O'Malley Plans US IPO After Wrong Way Bet on Petroplus: Energy
Feb. 6 (Bloomberg) -- Thomas O’Malley made two fortunes buying U.S. oil refineries at rock-bottom prices and selling when the economy rebounded. On the third try, in Europe, the 70- year-old ex-Salomon Brothers Inc. oil trader got it wrong.
Petroplus Holdings AG, the Swiss refiner that sought protection from creditors last month, spent $2.5 billion buying plants in the U.K., Germany and France after O’Malley took it public in 2006. Its collapse after profit margins plunged hasn’t diminished the refining veteran’s appetite as he prepares for a similar initial public offering in the U.S.
PBF Energy Co., formed in 2008 with private-equity backers Blackstone Group LP and First Reserve Corp., said Nov. 14 that it’s planning a share sale.
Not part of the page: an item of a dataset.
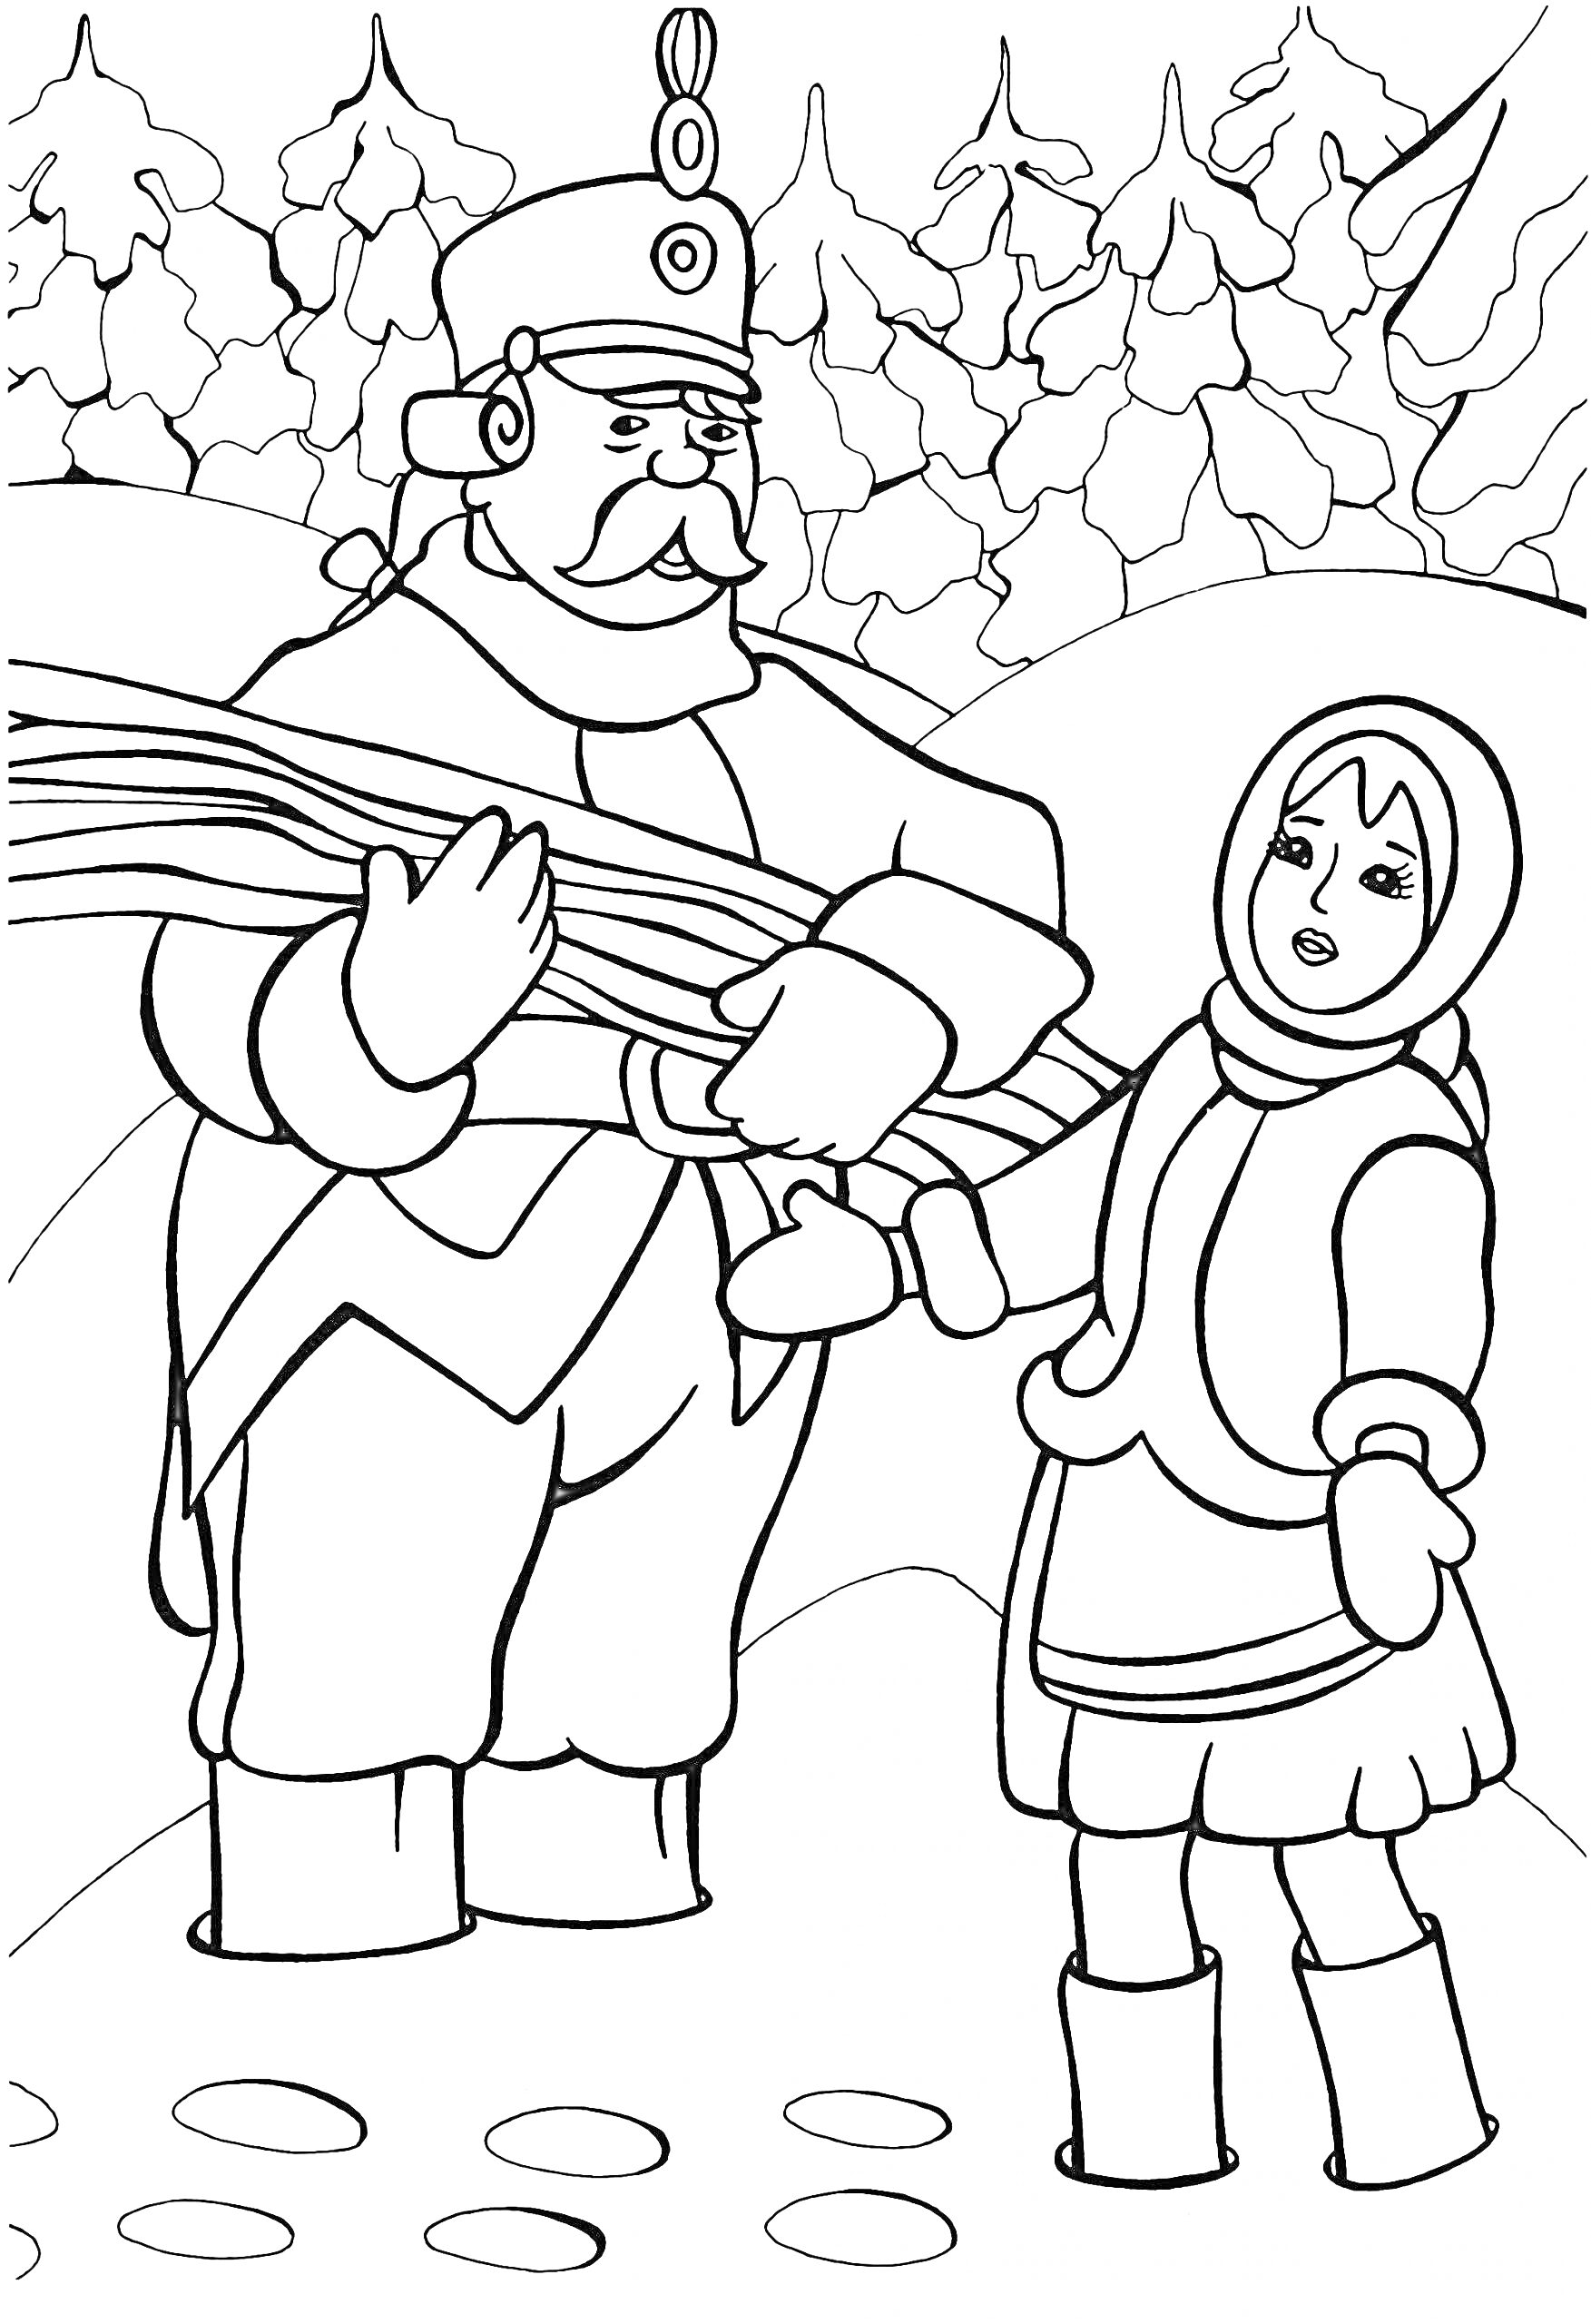 Раскраска Солдат и девочка в зимнем лесу

Petroplus netted its backers six times their initial investment even as O’Malley himself held on to stock for years after their exit.
“O’Malley’s strategy could work in the U.S. or Asia, but Europe is a completely different market,” Martin Schreiber, an analyst at Zuercher Kantonalbank in Zurich, said in an interview. “The whole refining industry in Europe is suffering from overcapacity and weak demand.”